School of Environmental and Chemical Engineering, Shanghai University, Shanghai 200444, China; State Environmental Protection Key Laboratory of Formation and Prevention of Urban Air Pollution Complex, Shanghai Academy of Environment Sciences, Shanghai 200233, China.
School of Environmental and Chemical Engineering, Shanghai University, Shanghai 200444, China.
Sci Total Environ. 2022 Mar 20;813:151899. doi: 10.1016/j.scitotenv.2021.151899. Epub 2021 Nov 24.

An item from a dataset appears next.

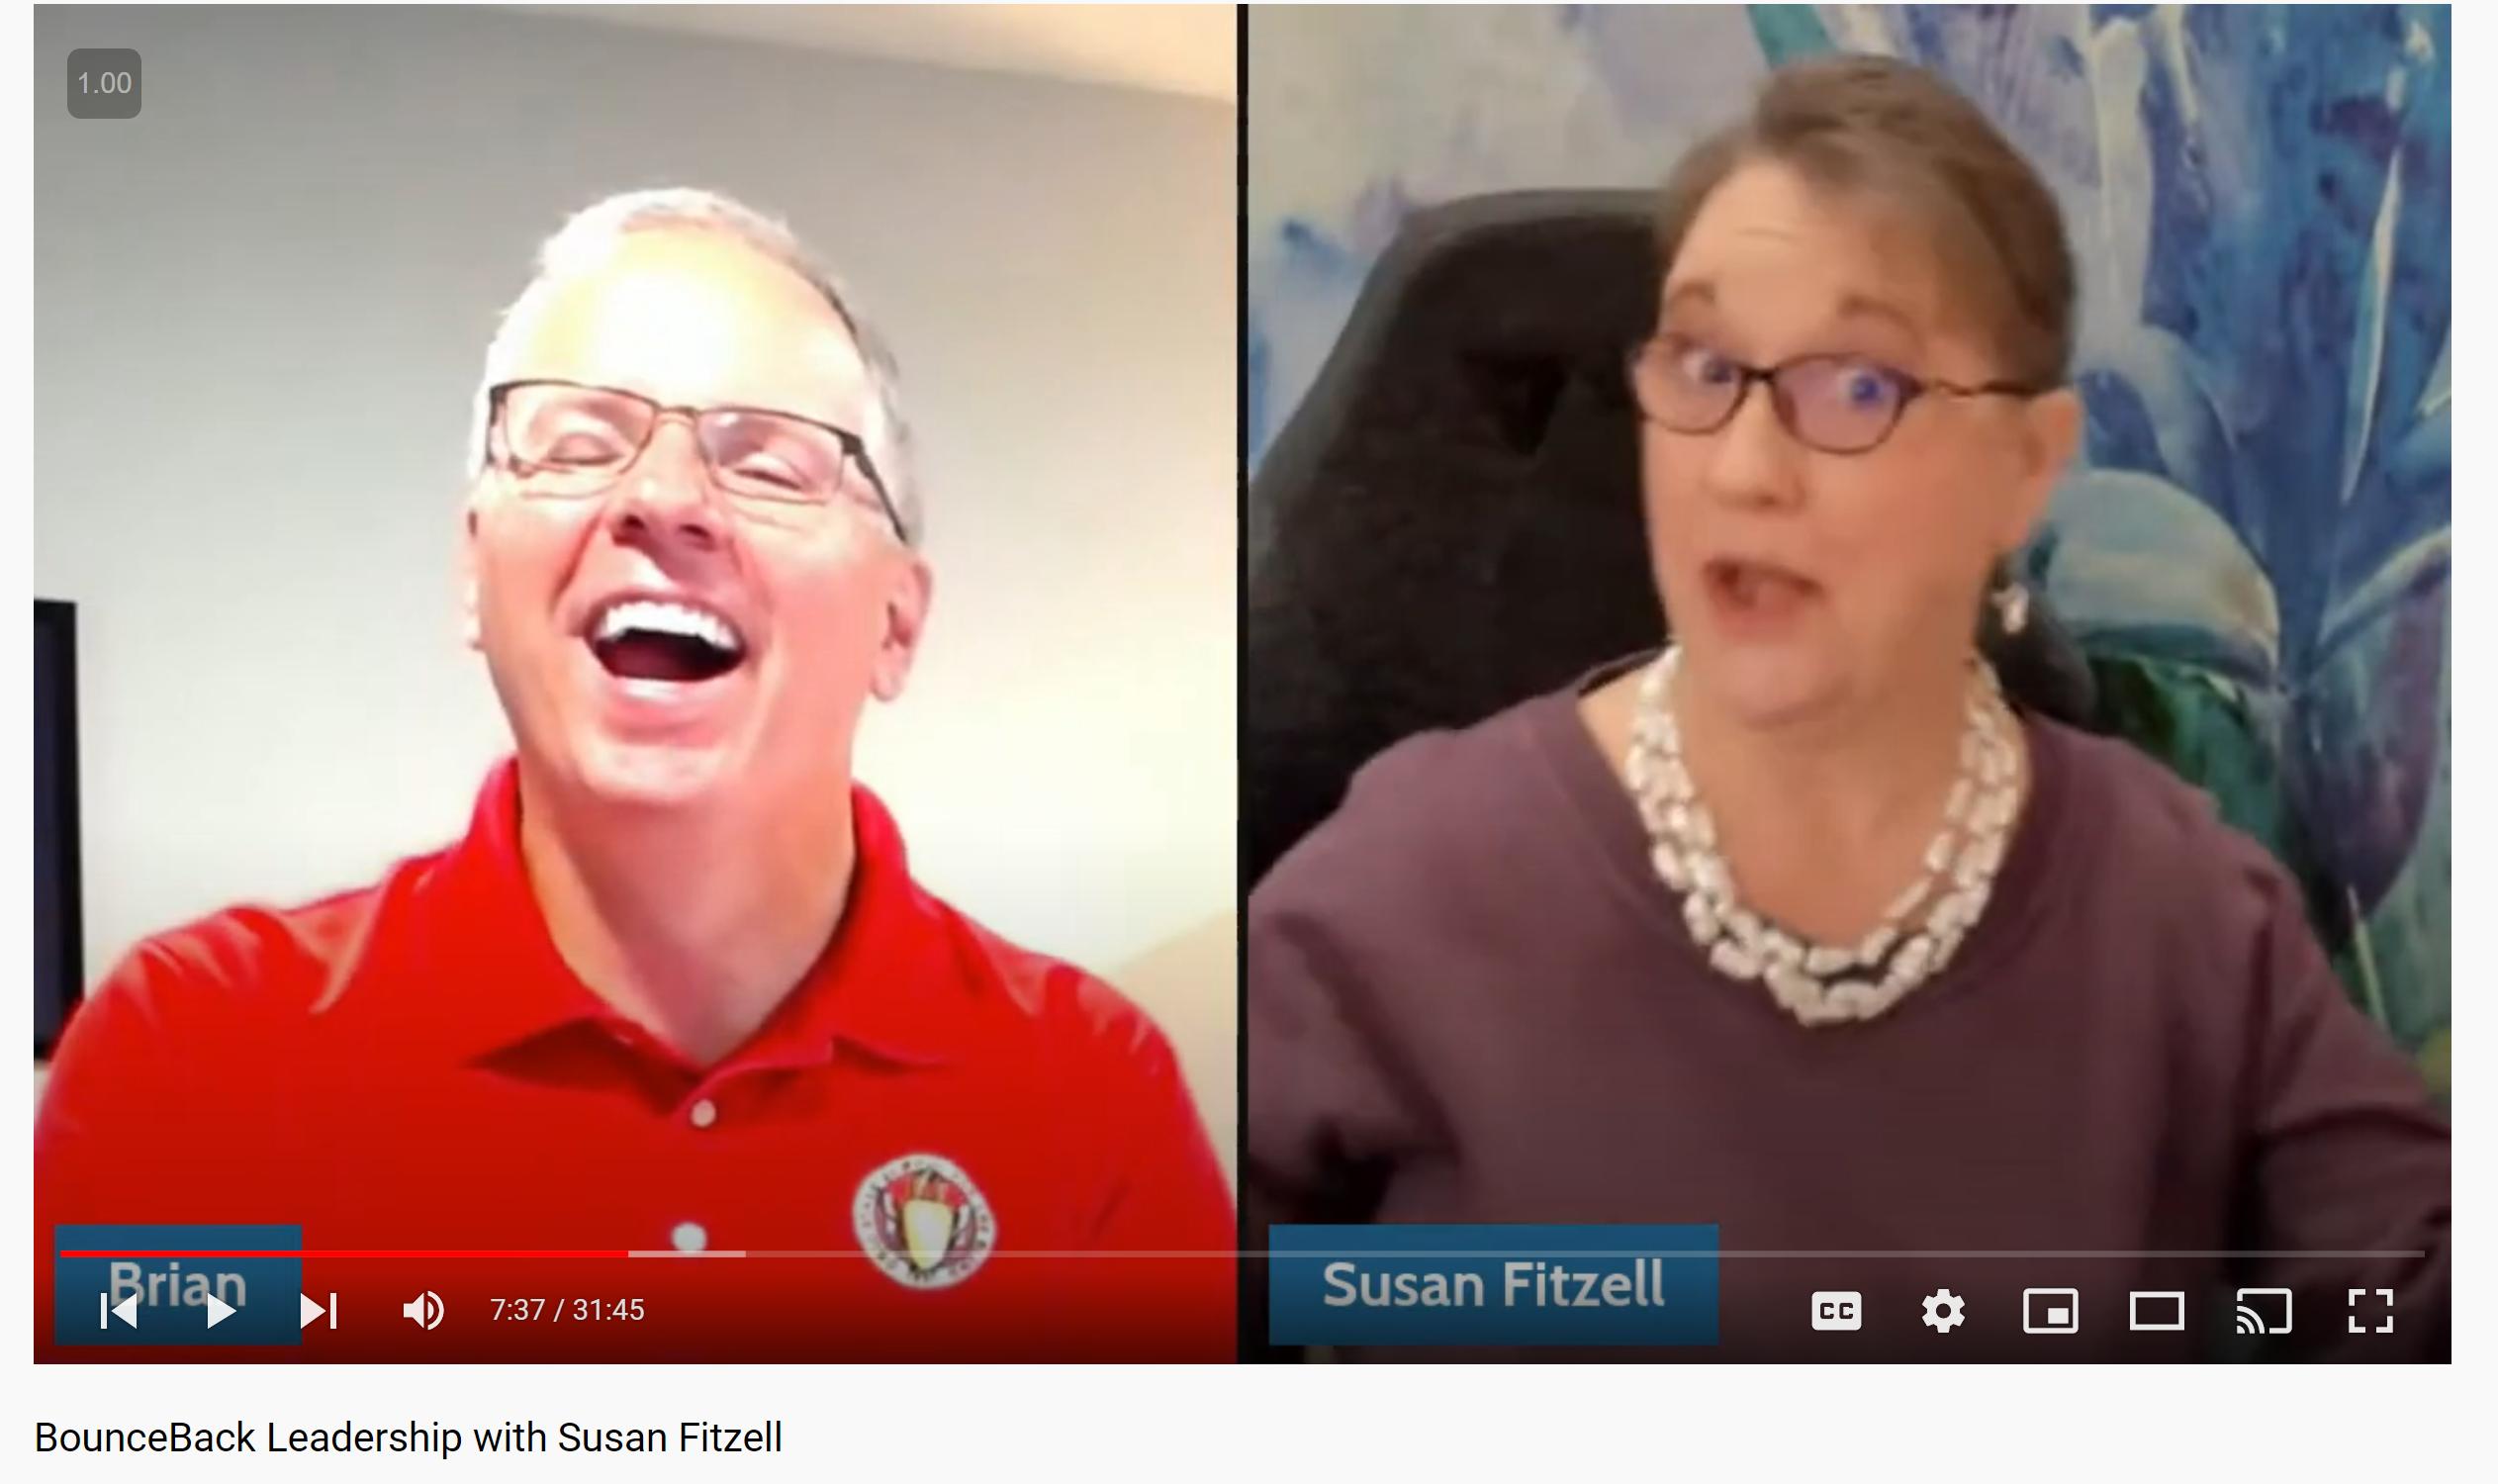 Screenshot from the Bounce Back Leadership Show, It's a photo of Brian Wagner, Host and Susan Fitzell, Guest, side by side on Zoom.

Exposure to ambient ultrafine black carbon (uBC, with aerodynamic diameter less than 100 nm) is associated with many neurodegenerative diseases. Oxidative stress is the predominantly reported neurotoxic effects caused by uBC exposure. Mitochondrion is responsible for production of majority of ROS in cells and mitochondrial dysfunction is closely related to adverse nervous outcomes. Mitophagy is an important cellular process to eliminate dysfunctional or damaged mitochondria. However, the mechanisms that modulate mitophagy and mitochondrial dysfunction initiated by uBC remain to be elucidated. The purpose of this study was to investigate how mitochondrial oxidative stress regulated mitochondrial dysfunction and mitophagy in human neuroblastoma cell line (SH-SY5Y) after uBC treatment. RNA interference was further applied to explore the roles of mitophagy in mitochondrial dysfunction. We found uBC triggered cell apoptosis via ROS-mitochondrial apoptotic pathway. The uBC also caused serious mitochondrial damage and respiratory dysfunction, indicated by the abnormalities in mitochondrial division and fusion related proteins, decreased mitochondria number and ATP level. Increased PTEN induced putative kinase 1 (PINK1) and Parkin protein levels and the autolysosome numbers suggested uBC could promote Pink1/Parkin-dependent mitophagy process in SH-SY5Y cells. Mitophagy inhibition could reserve mitochondria number and ATP activity, but not fusion and division related protein levels in SH-SY5Y cells exposed to uBC. Administration of a mitochondria-targeted antioxidant (mitoquinone) significantly eliminated uBC caused apoptosis, mitochondrial dysfunction and mitophagy. Our data suggested mitochondrial oxidative stress regulated uBC induced mitochondrial dysfunction and PINK1/Parkin-dependent mitophagy. PINK1/Parkin-dependent mitophagy probably participated in regulating uBC caused mitochondrial dysfunction but not by controlling mitochondrial fusion and division related proteins. Our results may provide some new insights and evidences to understand the mechanisms of neurotoxicity induced by uBC.
暴露于环境超细黑碳(uBC,空气动力学直径小于 100nm)与许多神经退行性疾病有关。氧化应激是 uBC 暴露引起的主要神经毒性作用。线粒体负责细胞中大部分 ROS 的产生,线粒体功能障碍与不良神经结局密切相关。自噬是消除功能失调或受损线粒体的重要细胞过程。然而,uBC 引发的自噬和线粒体功能障碍的调节机制仍有待阐明。本研究旨在探讨 uBC 处理后人神经母细胞瘤细胞系(SH-SY5Y)中线粒体氧化应激如何调节线粒体功能障碍和自噬。进一步应用 RNA 干扰探讨自噬在线粒体功能障碍中的作用。我们发现 uBC 通过 ROS-线粒体凋亡途径触发细胞凋亡。uBC 还导致严重的线粒体损伤和呼吸功能障碍,表现为线粒体分裂和融合相关蛋白异常、线粒体数量和 ATP 水平下降。PTEN 诱导的假定激酶 1(PINK1)和 Parkin 蛋白水平升高和自噬溶酶体数量增加表明 uBC 可促进 SH-SY5Y 细胞中 Pink1/Parkin 依赖性自噬过程。自噬抑制可保留 uBC 暴露的 SH-SY5Y 细胞中线粒体数量和 ATP 活性,但不能保留融合和分裂相关蛋白水平。线粒体靶向抗氧化剂(mitoquinone)的给药可显著消除 uBC 引起的凋亡、线粒体功能障碍和自噬。我们的数据表明,线粒体氧化应激调节 uBC 诱导的线粒体功能障碍和 PINK1/Parkin 依赖性自噬。PINK1/Parkin 依赖性自噬可能参与调节 uBC 引起的线粒体功能障碍,但不是通过控制线粒体融合和分裂相关蛋白。我们的结果可能为理解 uBC 引起的神经毒性的机制提供一些新的见解和证据。